SARAH MEISTER: We recently acquired a Robert Smithson drawing called Heap of Language.
SARAH SUZUKI: It’s a relatively small-scale drawing on graph paper that features a kind of triangular ziggurat form that's actually built out of words.
SARAH MEISTER: It begins with the word "language" on top, and it goes on to say "phraseology, speech, tongue, lingo, vernacular," and on and on. So using this drawing as a point of departure, we notice that, in fact, a lot of other works of art that were made in '66 also addressed the idea of language.
The most dramatic example of this might be the Richard Tuttle, where the letters are sprayed across the wall in a random arrangement.
THOMAS LAX: And only some of the letters are recognizable. So it puts the work on you, as the viewer, to figure out how to take what seems like a system and reorganize it for yourself.
And language, of course, is the central component to many works that are made in the medium of performance. The Fahlström Mao-Hope March is the projection in the room. And the kind of everyday language that you see and hear people speaking becomes important for constructing what the work is.
SARAH SUZUKI: The mid-1960s is also the rise of a medium that becomes known as the multiple. These are small, often sculptural objects that are issued in editions.
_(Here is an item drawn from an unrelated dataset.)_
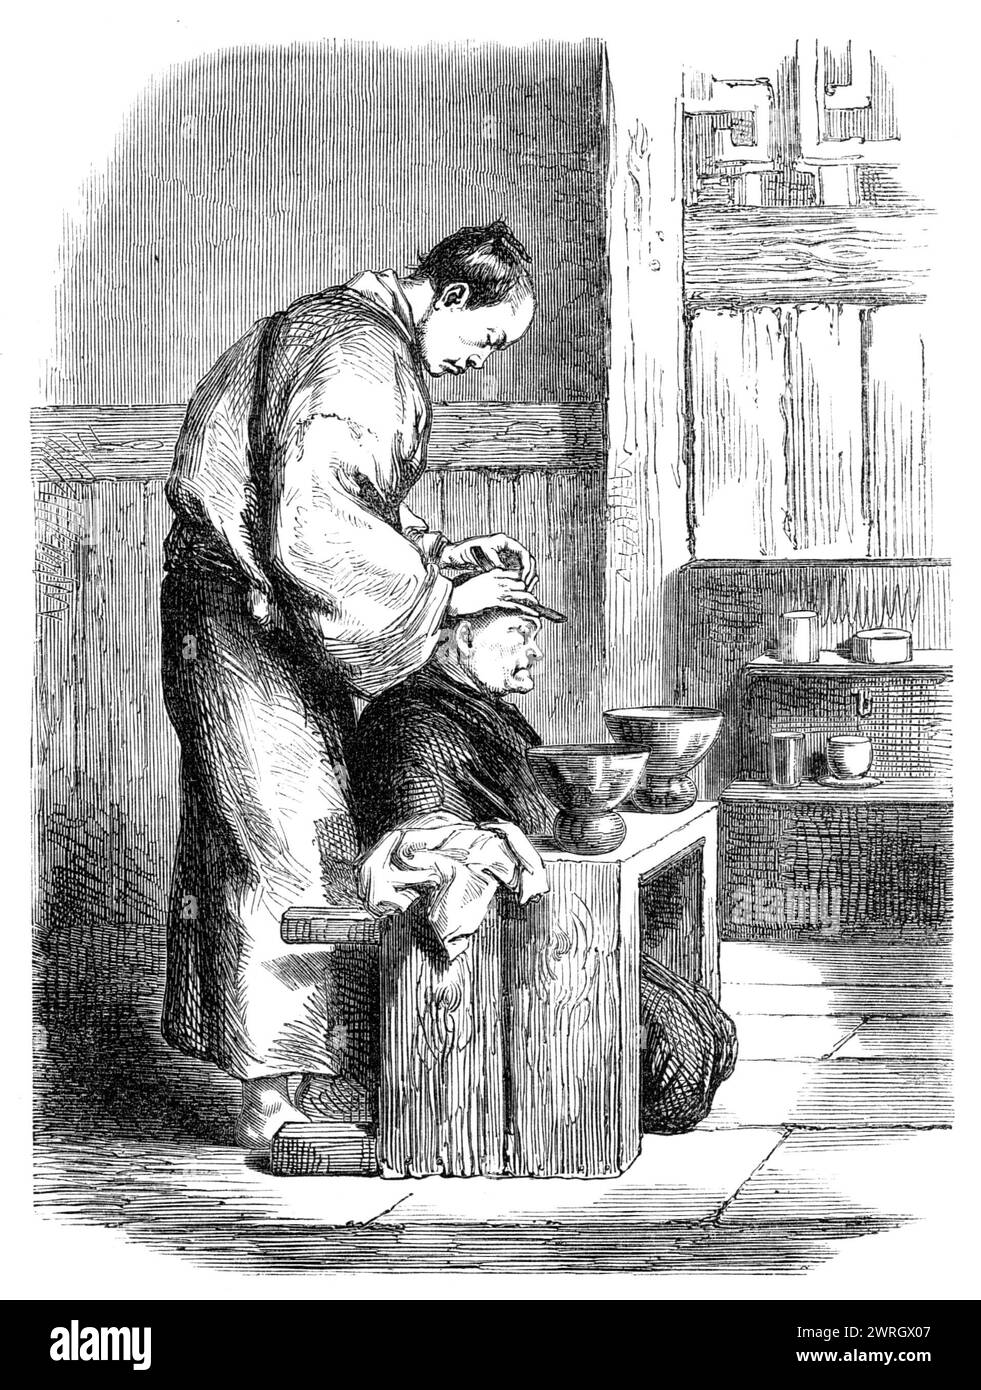 A Japanese barber - from a sketch by our special artist, 1864. 'We present this week another of those characteristic Illustrations of the manners and customs of the Japanese people, with which our Artist and Correspondent at Yokohama has abundantly supplied us. The sketch we have here engraved represents a Japanese barber in the act of dressing the head of one of his patients. He is gathering up the topknot, which is to be tied with an ornamental band, the rest of the crown being scrupulously shaved. The whole operation is tedious enough, but the elderly gentleman whom we see under the barber' Stock Photo

And they were a medium that really appealed to a number of Pop artists—the idea that it could be distributed in a more democratic way.
SARAH MEISTER: And we thought: "Wouldn't it be interesting to make a forest of pedestals, each one of which would feature some of these marvelous little objects that were made in 1966?" And this allowed us to also include not just multiples by artists but also architectural models and even design objects that evoke that moment in a very different way.